It didn’t take me long to realize that my technology preferences mirrored my everyday behavior. Thus, my early conditioning is a better explanation for my choices than objective evaluation:

Does my conditioning help me write better programs? Maybe. I noticed that my obsession with understanding leads to programs with few bugs, most of which come not from internal inconsistencies but from incorrect assumptions about the execution environment. Dependency aversion speeds up building, packaging, and shipping.

Do I prefer my approach because it produces better programs? Probably not. I can rationalize it all day long, but in the end, it boils down to feelings. Spending an hour fighting the compiler to craft a program that works on the first run feels terrific. Spending twenty minutes on drafting a Python script and another twenty on squeezing out runtime bugs… doesn’t.

I met many people whose programming approach was my polar opposite. They threw stuff together, experimented, and pulled in behemoth frameworks. They stopped worrying when their programs seemed to work and moved on. I don’t have any issues with their way, as long as we don’t work on the same system. In the long run, these builders might bring more value to the world than me. They fear less and try more.

In the beginner’s mind there are many possibilities, but in the expert’s there are few.

Shunryu Suzuki, Zen Mind, Beginner’s Mind: Informal Talks on Zen Meditation and Practice

Of course, I didn’t enter the profession as a fully-formed lonely grumbler. My views evolved significantly throughout my career, and continue to change.

My first programs were physics simulations and tiny games in Turbo Pascal. They were dull and brutally direct. I would create animations by individually drawing pixels at specific offsets. My only dependency was the standard library.

When I became a junior engineer in Enterprise Java world, I became obsessed with clean code. I read every book on code organization, packed my code with design patterns, and mastered bloated frameworks.

Exposure to new ideas and programming languages made me realize that most things I considered good design were unnecessary. They didn’t contribute to the solution but created accidental complexity and bloat. I didn’t need to write extensible code. I could start with the most straightforward version and rewrite it when the problem changed. As tef puts it, code should be easy to delete.

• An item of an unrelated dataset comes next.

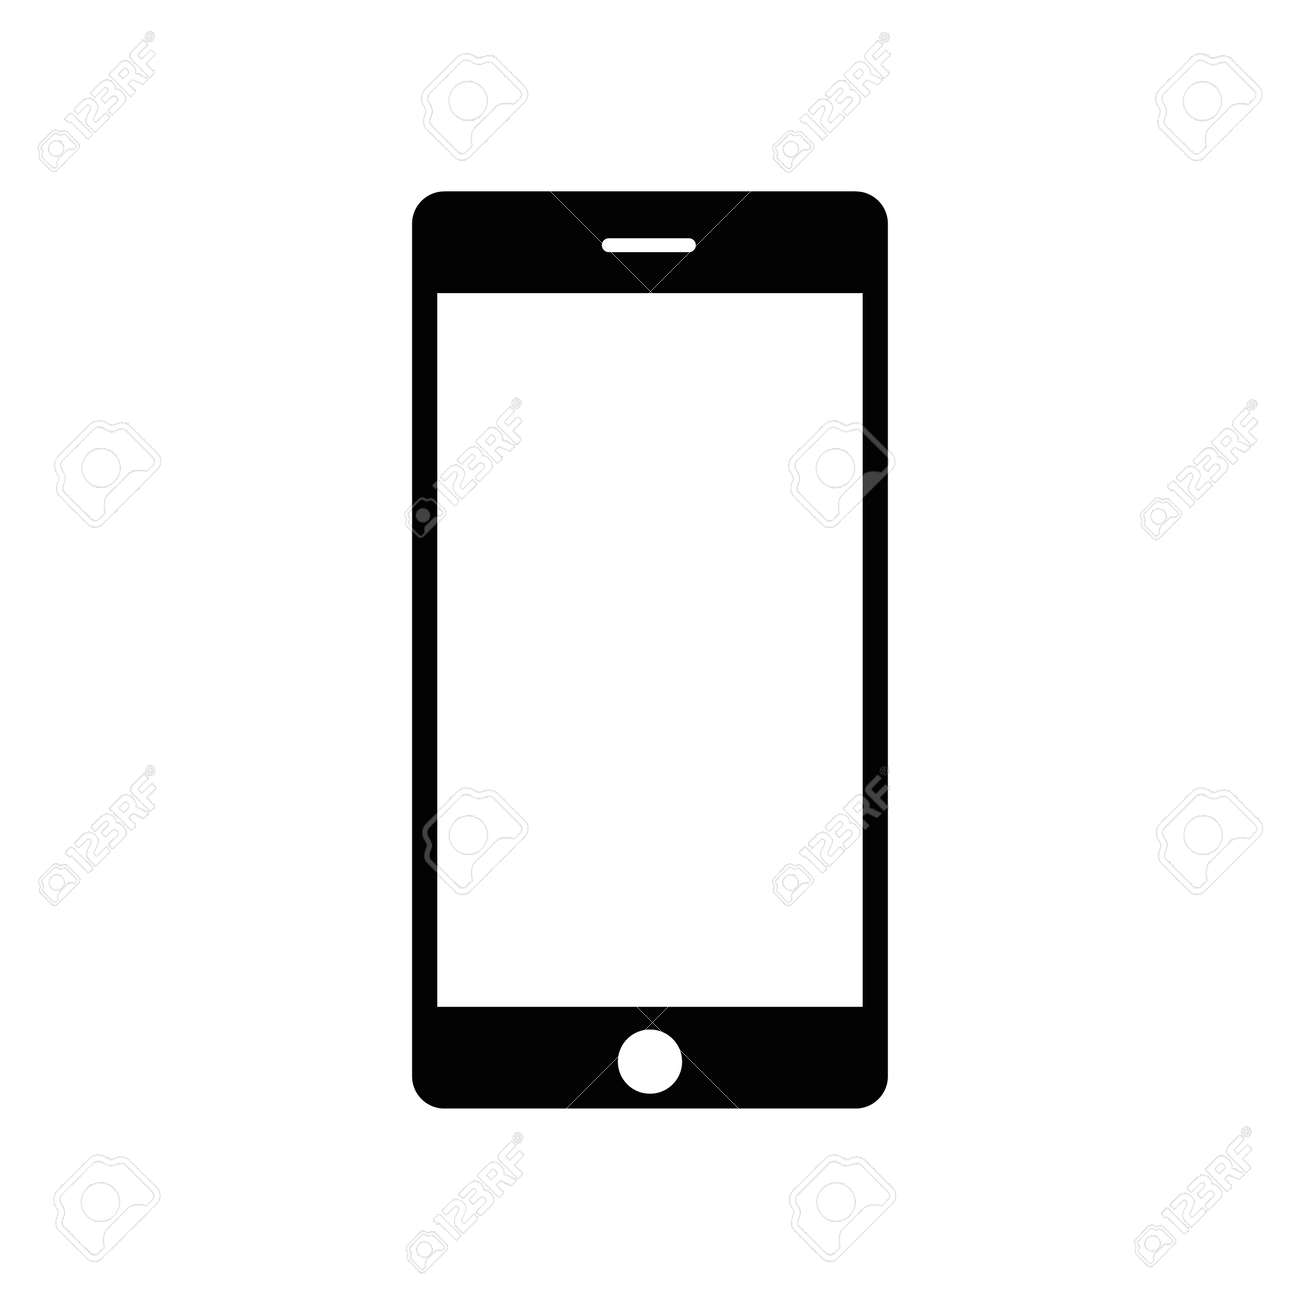 Smartphone icon. flat icon mobile handphone symbol - 165490624
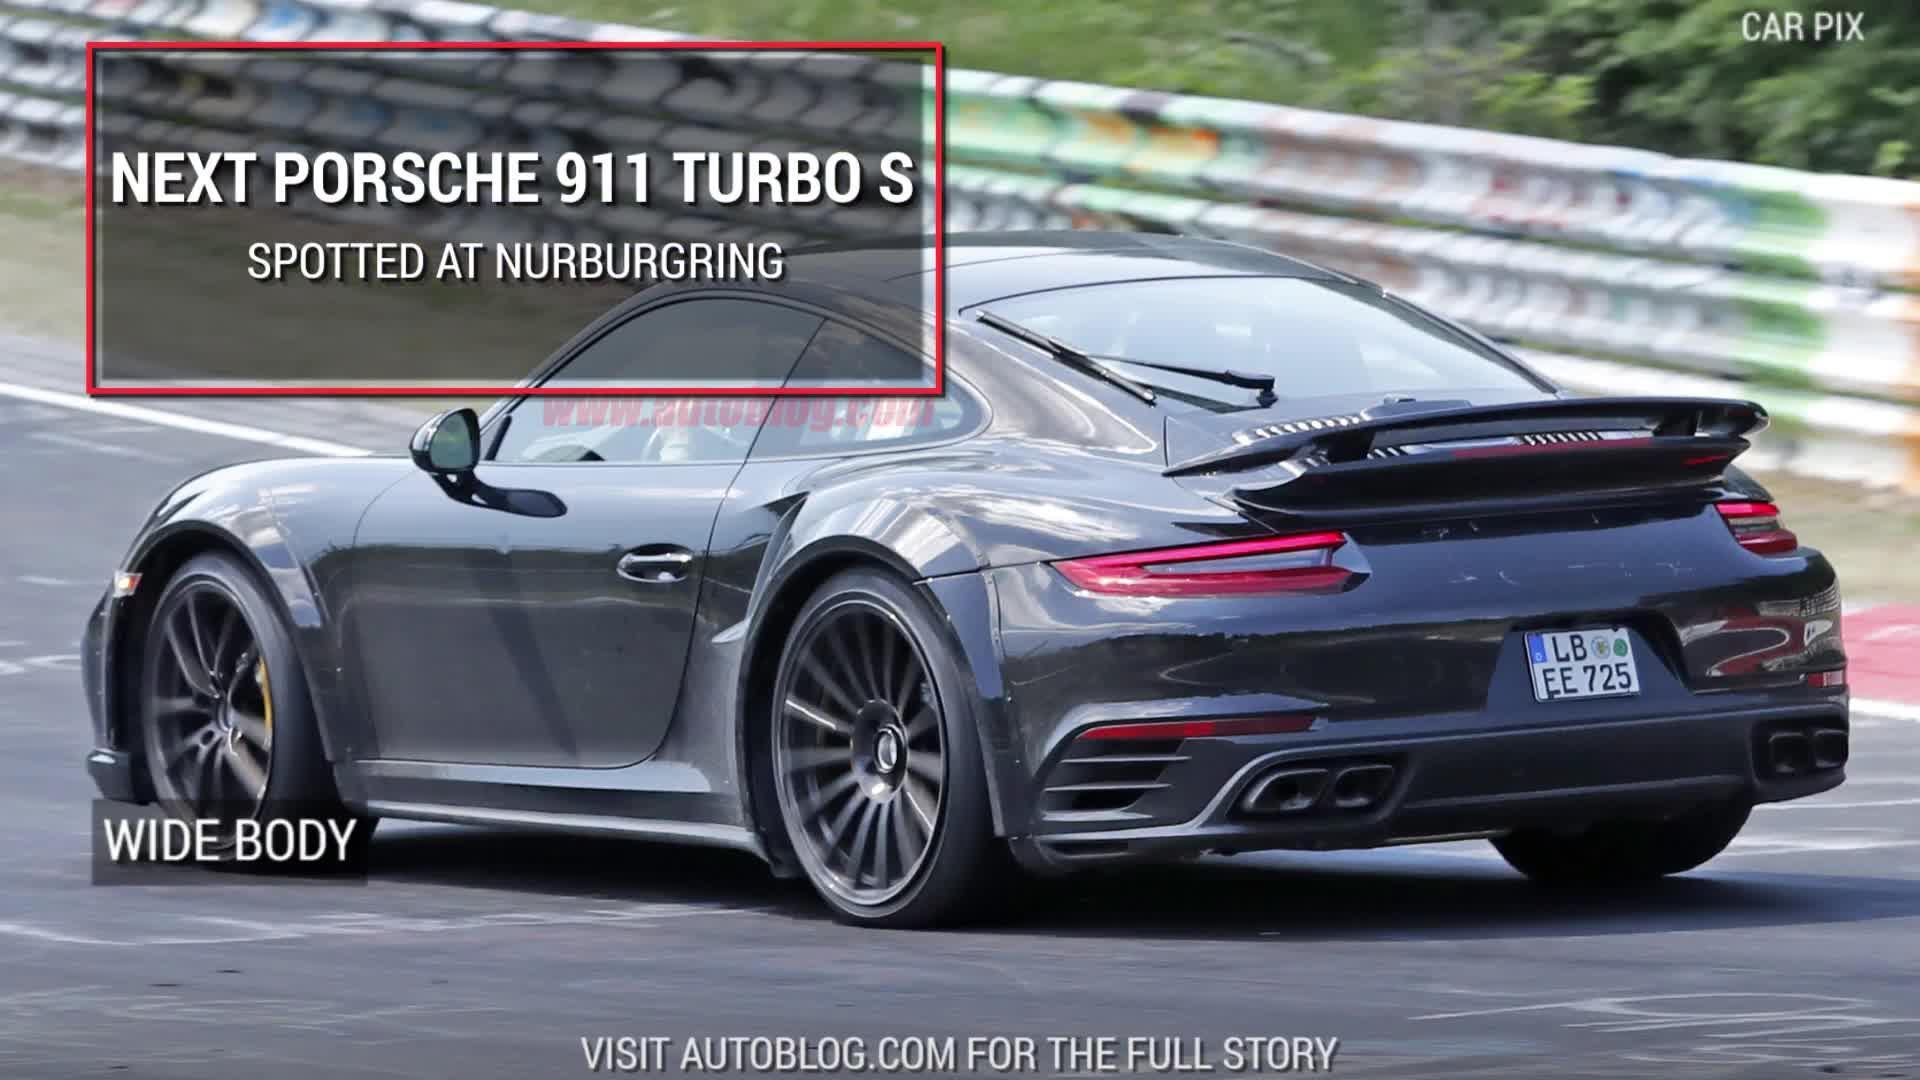 594965f89e6fb34443f38630_o_A_v2 Cozy Porsche 911 Gt2 Rs Nürburgring Cars Trend

It took me over a decade to distill a programming style that resonated with me. I now care little about abstract clean code conventions and use my aesthetics and feelings as guides. That tendency sometimes leads to communication problems: I often feel that one design is preferable but can’t explain why exactly.

As all artists, programmers grow in spirals. Beginners try to achieve goals in the most straightforward way they know. Every line of code they write serves a purpose. Then they learn paradigms and good practices and imitate them. They accept that things must be done in a particular way because that’s the way of the craft. This path leads them astray, but it’s necessary for growth. They exit this limbo by reconnecting with reality and returning to their beginner’s mind. Their code becomes simple and purposeful again. Conventions fade, and their work becomes more authentic.

Programmers grow in spirals. Beginners think intuitively, but lack the language to express themselves. As they acquire knowledge and imitatate others, they curve away from their core in the authenticity space. Eventually, they learn to see things clearly and become more authentic.

The Japanese martial arts concept of shuhari describes three stages of mastery; it maps well to the authenticity spiral:

  1. At the shu stage, the practitioner learns the fundamentals, memorizes the moves, and obeys the rules. That’s the upward curve on the spiral.
  2. At the ha stage, the practitioner starts innovating by breaking the rules and connecting with reality. That’s the backward trend on the spiral.
  3. At the ri stage, the practitioner transcends the forms and performs the moves naturally. By this stage, the spiral approaches the authentic core.

If your views on technology don’t resonate with your core beliefs in other areas of life, your spiral might not have completed its cycle yet.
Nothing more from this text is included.